#OrderTypes101
Types of Trading Orders
When trading on exchanges or cryptocurrency platforms, there are several types of orders and various methods to help you execute your strategy accurately.
Understanding these orders is essential for managing risk and achieving your goals.
1. Market Order
• Immediate execution.
• You buy or sell at the best available price currently in the market.
• The price you see may not be the exact price you get due to market fluctuations.
2. Limit Order
(the order you specify for buying).
• You set the price at which you wish to buy or sell.
• The order will not be executed unless the market reaches the price you specified or better.

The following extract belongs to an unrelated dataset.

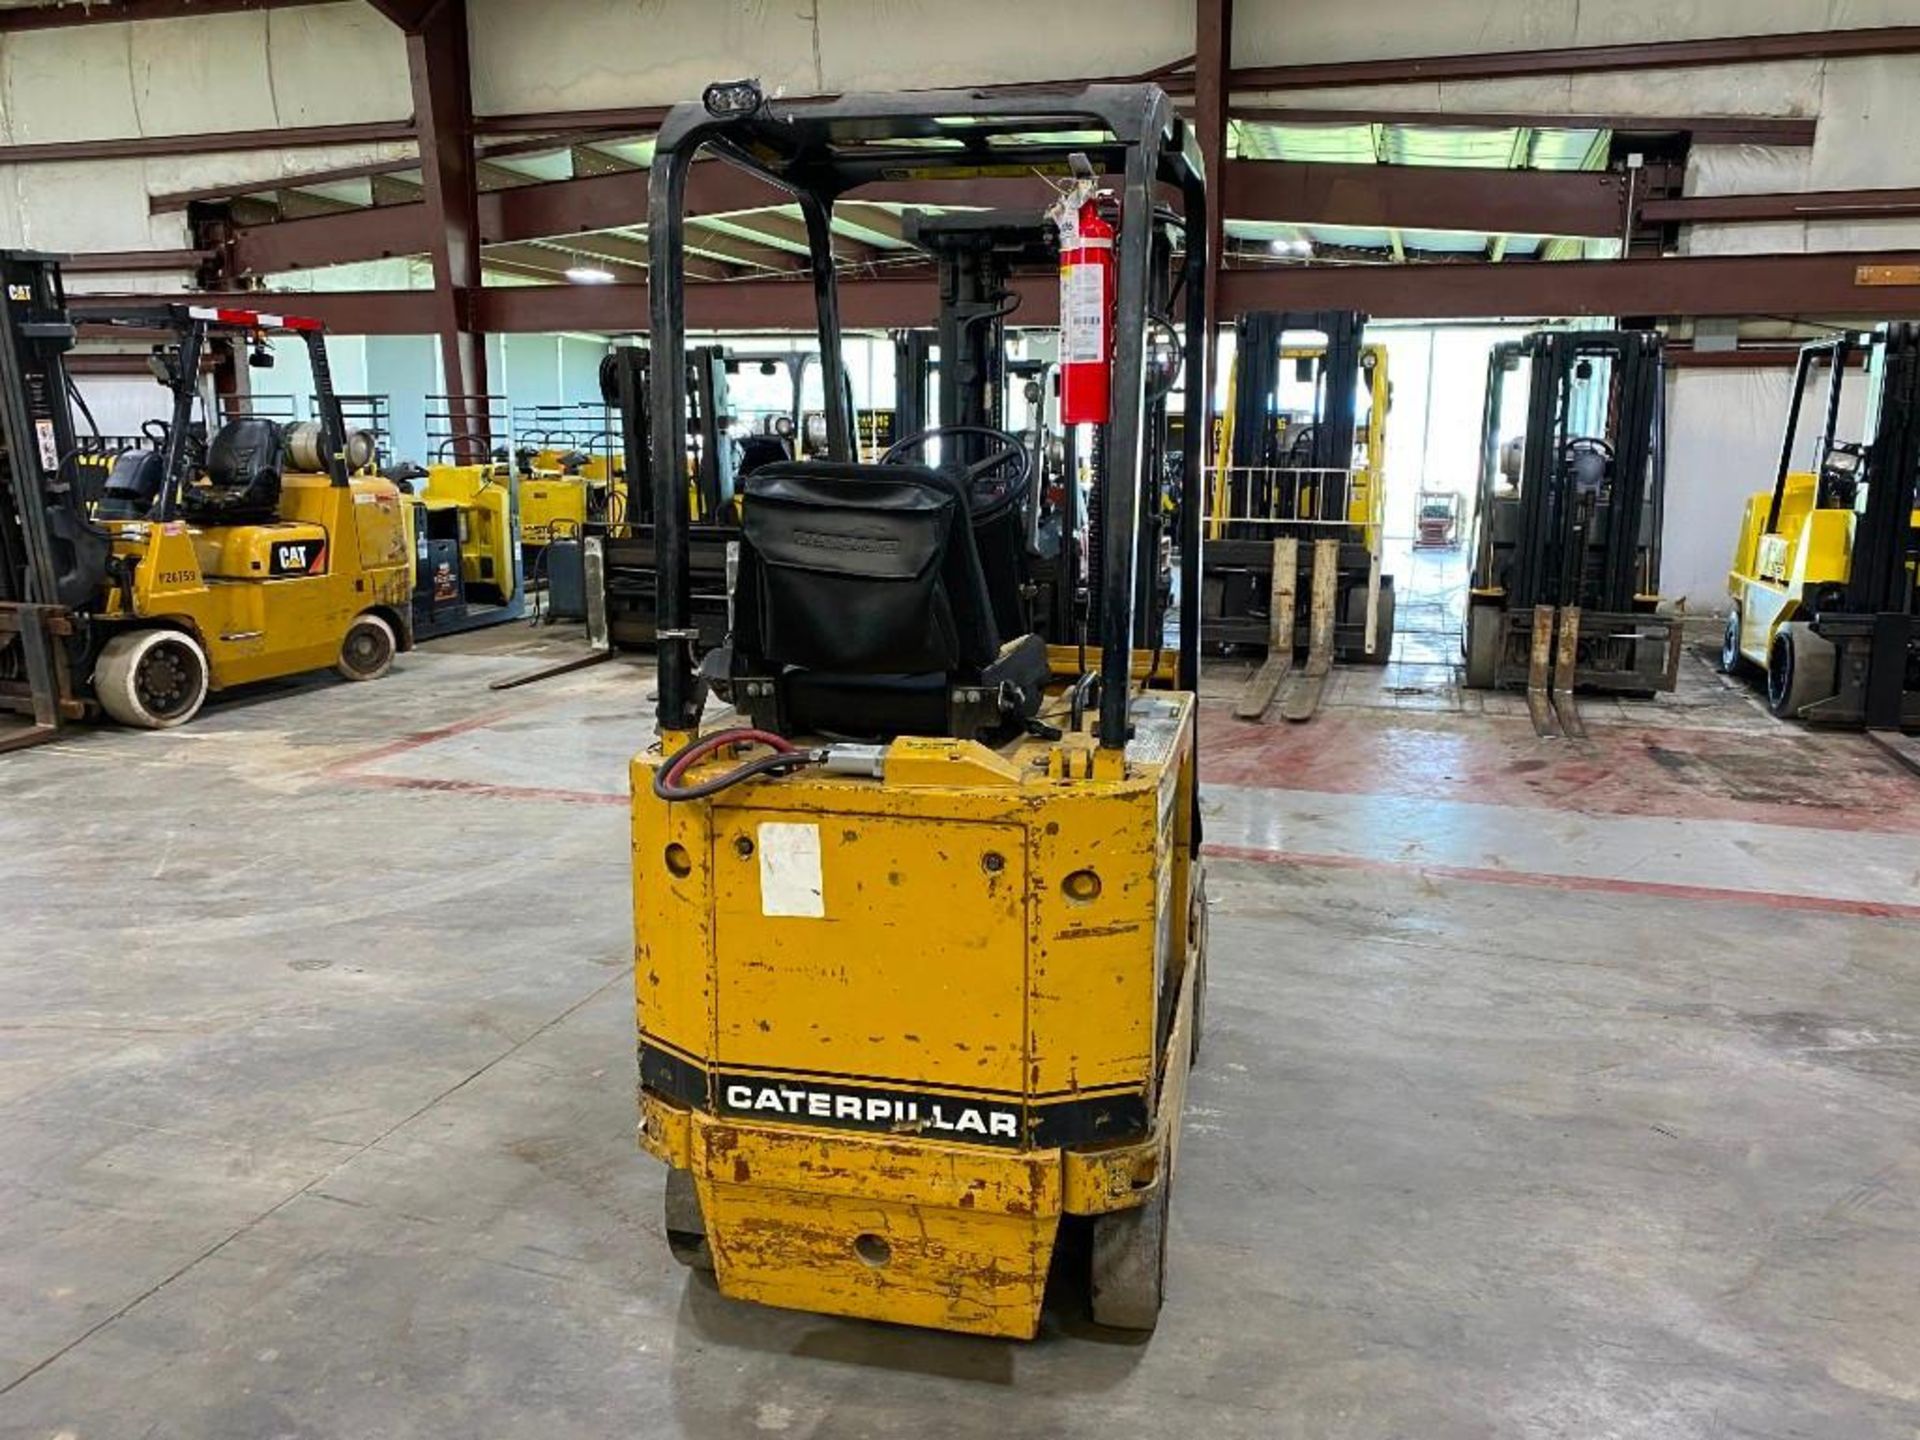 Caterpillar 3,000-Lb. Capacity Forklift, Model M30d, S/N 1kj01682, 36 Volt Battery, Treaded Front Ti - Image 2 of 6

• Useful for getting a specific price but does not guarantee quick execution.
3. Stop Order
(Stop Loss Order)
• Converts to a market order when the price reaches a certain level.
• Used to protect profits or limit losses.
• May be executed at a lower quality price in volatile markets.
4. Stop-Limit Order
(Stop Loss Limit Order).
• A combination of a stop order and a limit order.
• You set the (activation price), and when it is reached, a limit order is placed at a specific price.
• Useful but may never be executed if the price is not hit accurately.
5. Trailing Stop Order
(Trailing Stop Loss Order).
• Moves automatically with the market.
• Allows for profit realization while reducing losses if (the trend reverses).